I would go even further, though, to say that, in some cases, these hurdles and delays are currently outside of the control of the Indonesian government. Indonesia is a collection of more than 17,000 islands, comprised of innumerable tribes. I use that word without hesitation here, familiar with other nations governed under the influence of competing tribal interests. The very notion of a 'central' government in Indonesia is unlike anything we in the West can fully understand.
As a young democracy (third largest in the world), moreover, Indonesia is still trying to figure out how democratic processes work. With much progress behind in such a short period, much ahead still remains.
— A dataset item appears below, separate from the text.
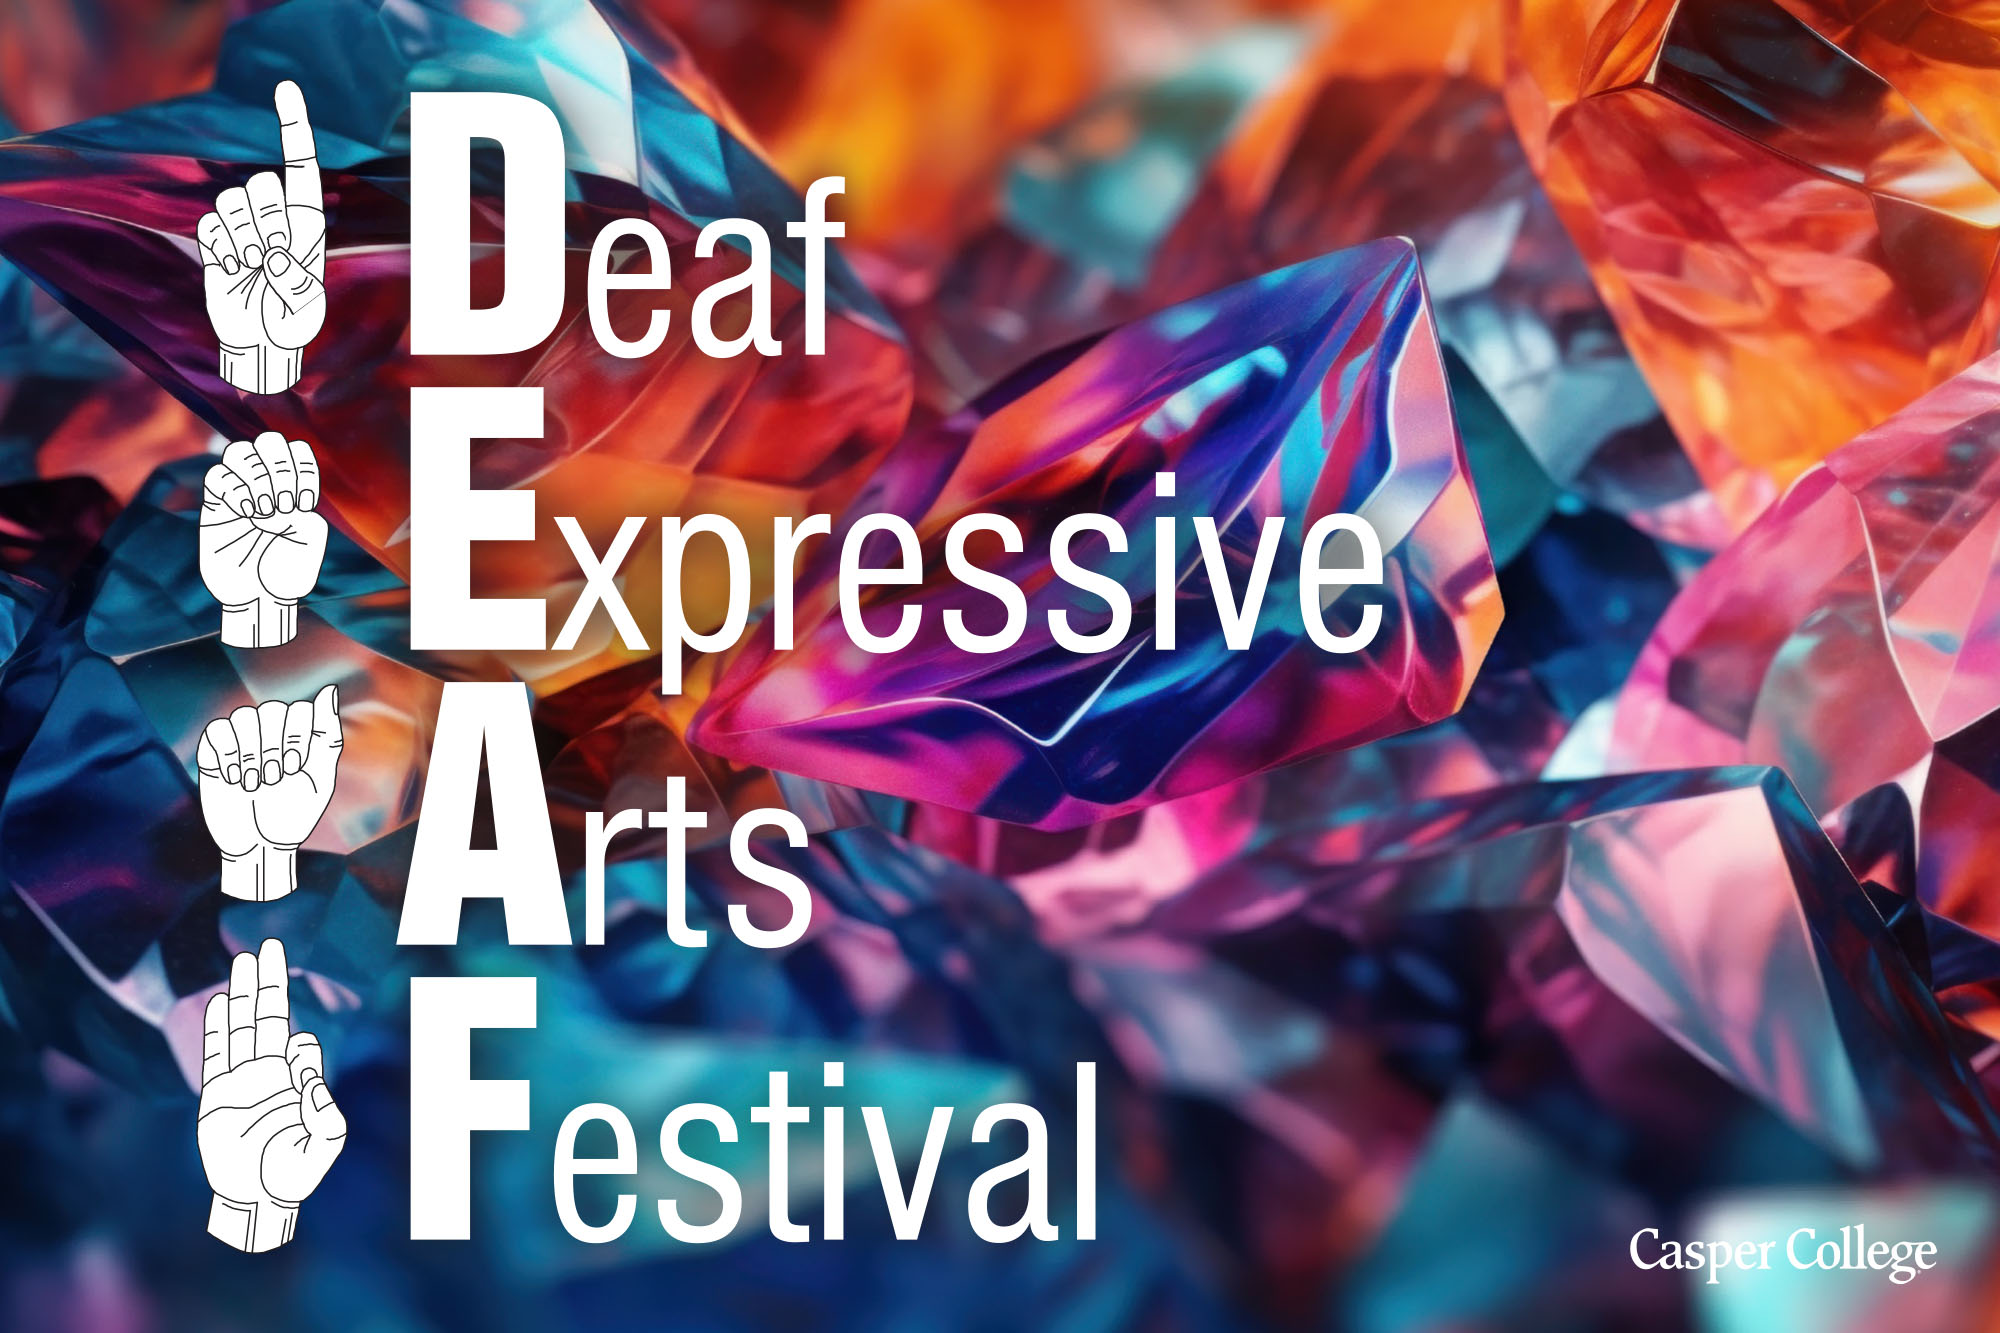 Image for Deaf Expressive Arts Festival press release.

In my view, the 2009 Mining Law offered much clarity for international investors. At the same time, I think it opened many new cans of worms by its distribution of decision making authority. Many cooks in the kitchen make for an interesting bowl of soup. I'm not judging Indonesia's decentralization of authority in these matters to be wrong. Judging is easy for many people… not for me. Fair to say that it may have been the only available path at the time. Also fair to say that every decision has consequences. It's the rare move for which consequences are all good.
Clarity going forward in Indonesia will be the number one key for investors. It will also be key for the Indonesian government. Knowing that Grasberg is the most profitable mine in the world… knowing that, despite its very different ownership structure, Batu Hijau remains Newmont's most profitable mine worldwide… these facts must weigh heavily on Indonesian lawmakers as they endeavour to frame the next iteration of mining in what is indisputably one of the world's most attractive regions. While these successes are selling features, their primary rank in success must also stick in the craw of some in Indonesia. They must be thinking, "We want you to be successful… just not so successful that we're made the fool in the process."
Here's the thing. From where I sit, these huge successes are anomalous in an environment lacking in clarity. With enhanced clarity, there's virtually no limit to what can be had in Indonesia, both for investors and for the greater good of the Indonesian people. Finding a comparable tax structure to other countries without matching clarity (not to mention transparency) in process will not be promising on either account. On the other hand, improvement of understanding of the process, what to expect? and when? and how? and of course, why? will all serve to enable more profitable participation by the Indonesian government. Give me greater clarity and I'll be more prepared to pay a premium in the fare. Fail in this and I'll require much greater return on my investment to compensate for the risk.
Clarity, first and last. This is and will always be key.